American astronomer (born 1947)

Marc Davis (born 1947) is an American professor of astronomy and physics at the University of California, Berkeley. Davis received his bachelor's degree from the Massachusetts Institute of Technology in 1969, his PhD from Princeton University in 1973 and has been elected to both the National Academy of Sciences (1991) and the American Academy of Arts and Sciences (1992). He taught for a year at Princeton, 1973–1974, then was on the astronomy faculty at Harvard University from 1975 to 1981. Since 1981, he has been on the faculty of the Department of Astronomy and Physics at the University of California at Berkeley.

== Career ==
Davis' work has been in physical cosmology and he has done a number of significant projects. While at Harvard, he led the CfA (Center for Astrophysics, Harvard & Smithsonian) galaxy survey, the first redshift survey of galaxies, which motivated his interest in N-body simulations of the Universe. In the 1980s, at Berkeley, he was part of a collaboration with George Efstathiou, Carlos Frenk and Simon White that established the validity of the "cold dark matter" theory for the formation of galaxies and other cosmic structures, now the accepted interpretation in cosmology.

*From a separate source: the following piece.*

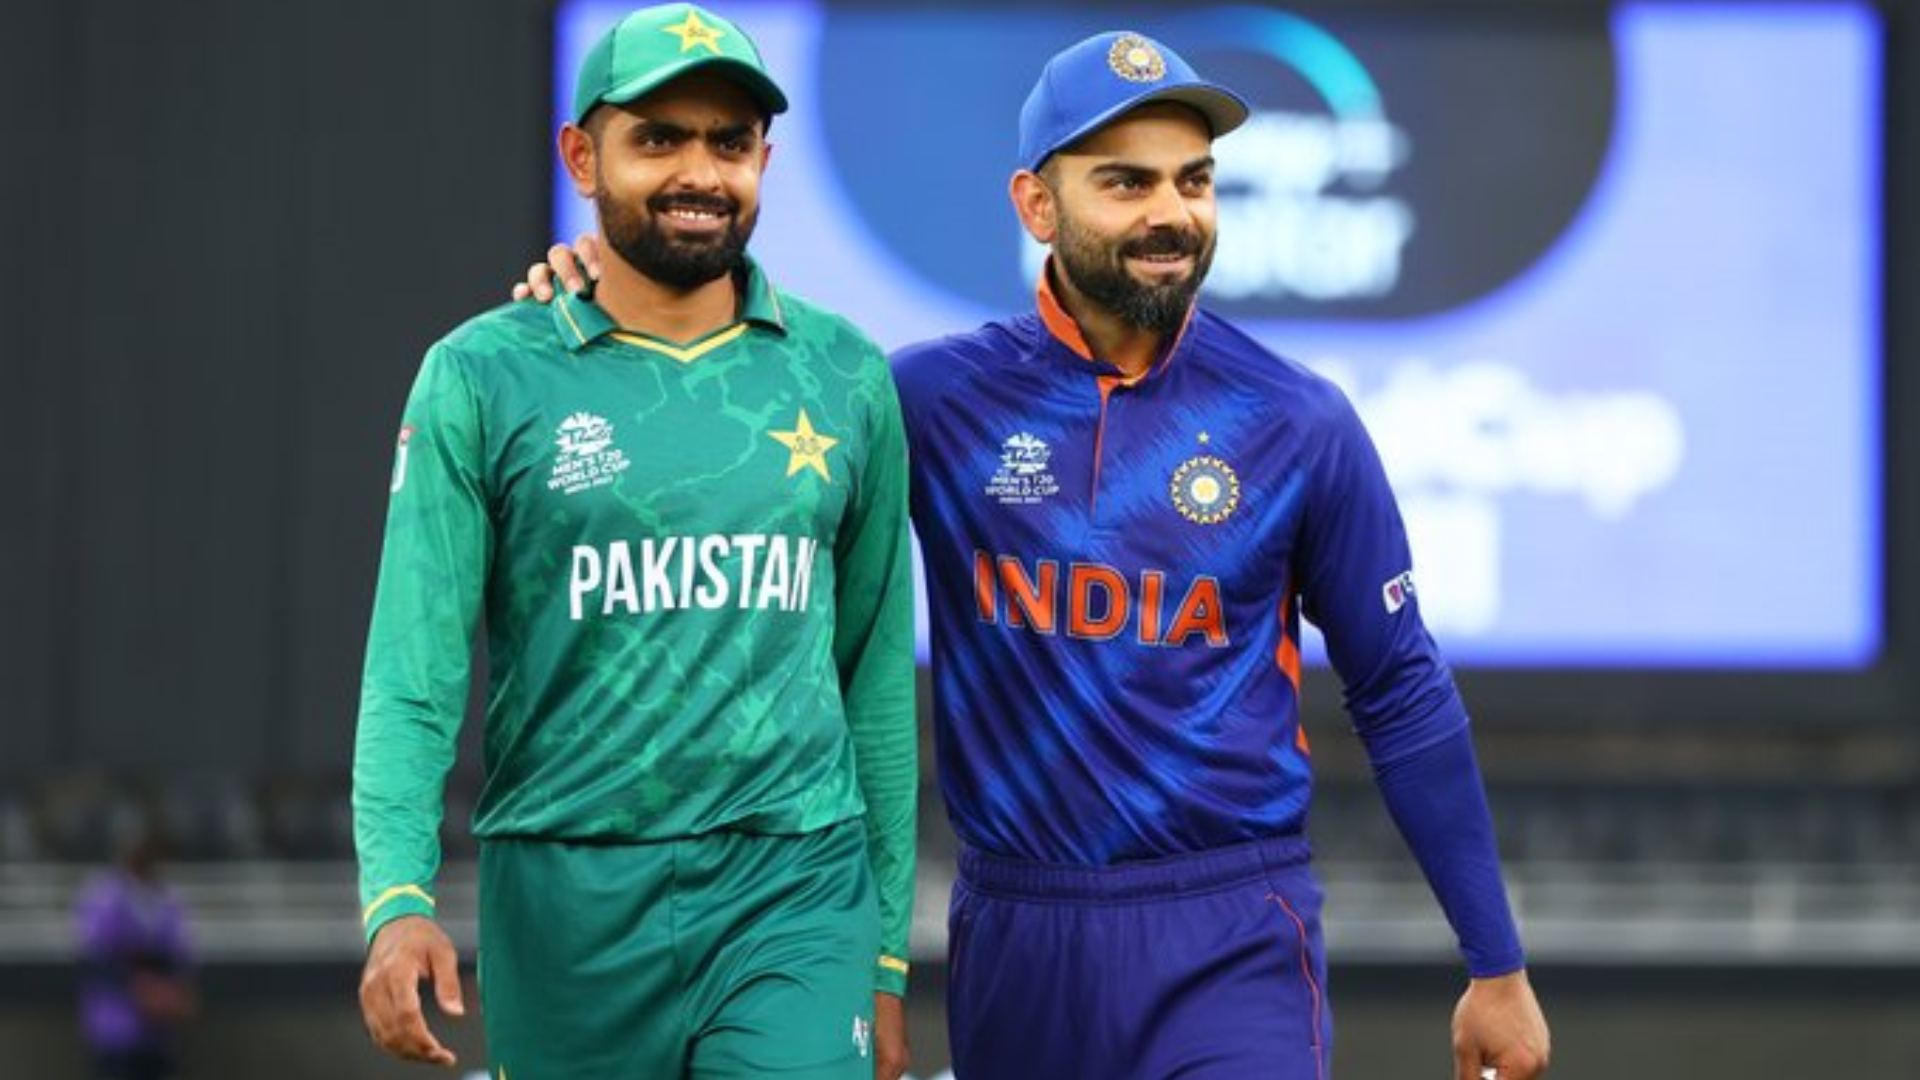 ICC World T20 2022 Full Schedule Here, India vs Pakistan on October 23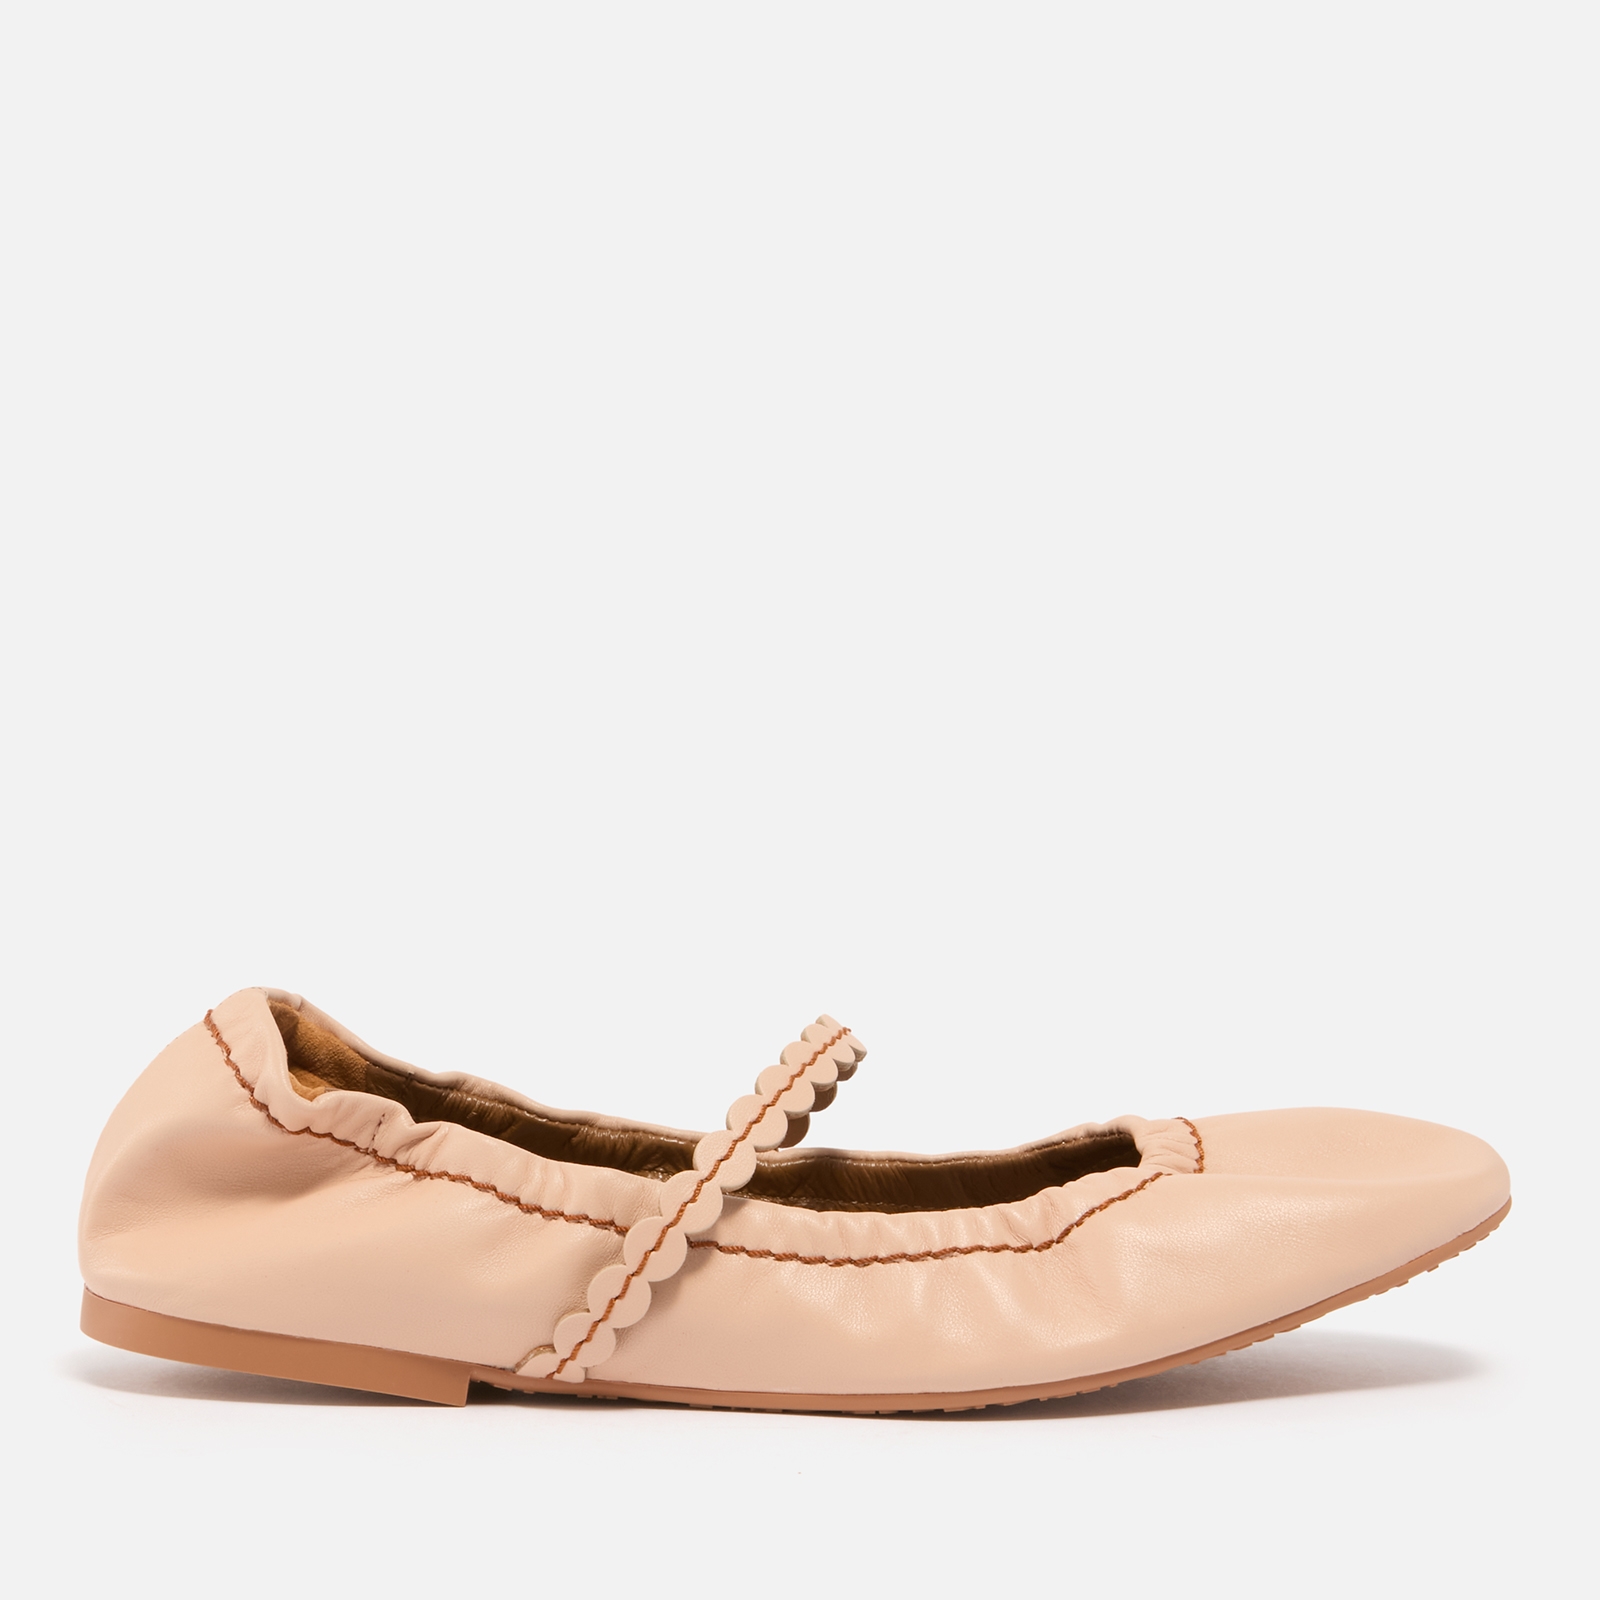 See By Chloé Women's Kaddy Leather Ballet Flats - Nude - 3

In a classic series of papers, that collaboration — often called DEFW by their peers — used computer code to simulate the growth of the universe and resolve disputes among theoretical models.

Through the 1990s, Davis worked on the theoretically expected large scale flow of galaxies and led the redshift survey of the first all-sky catalog, IRAS, with which he was able to estimate the flow of galaxies out to redshifts of order 6,000 km/s. He took up this project once again in 2010 using the gravity field estimated from 2MASS, and he and Nusser were able to estimate the field to redshift of order 10,000 km/s.

He was the lead principal investigator on the ambitious DEEP2 Redshift Survey of 50,000 high redshift galaxies. This was conducted on the 10 m W. M. Keck Observatory in Hawaii. The scientific goals of the DEEP survey were to study the properties of galaxies and the clustering of galaxies as the universe has evolved. He has also helped organize and run an all-sky model of cosmic dust distribution in the Milky Way.

== Honors and awards ==
Davis was awarded an honorary PhD from the University of Chicago in 2008. He has also been named a fellow of the American Association for the Advancement of Science and the American Physical Society, and he has received the Dannie Heineman Prize for Astrophysics from the American Institute of Physics and the American Astronomical Society, as well as the Gruber Prize in Cosmology in 2011, among numerous other prizes and awards.

== Stroke ==
While working on the DEEP survey, Davis suffered a stroke in June 2003, which has affected his right limbs, although he continues to enjoy one of the main passions in his life, skiing.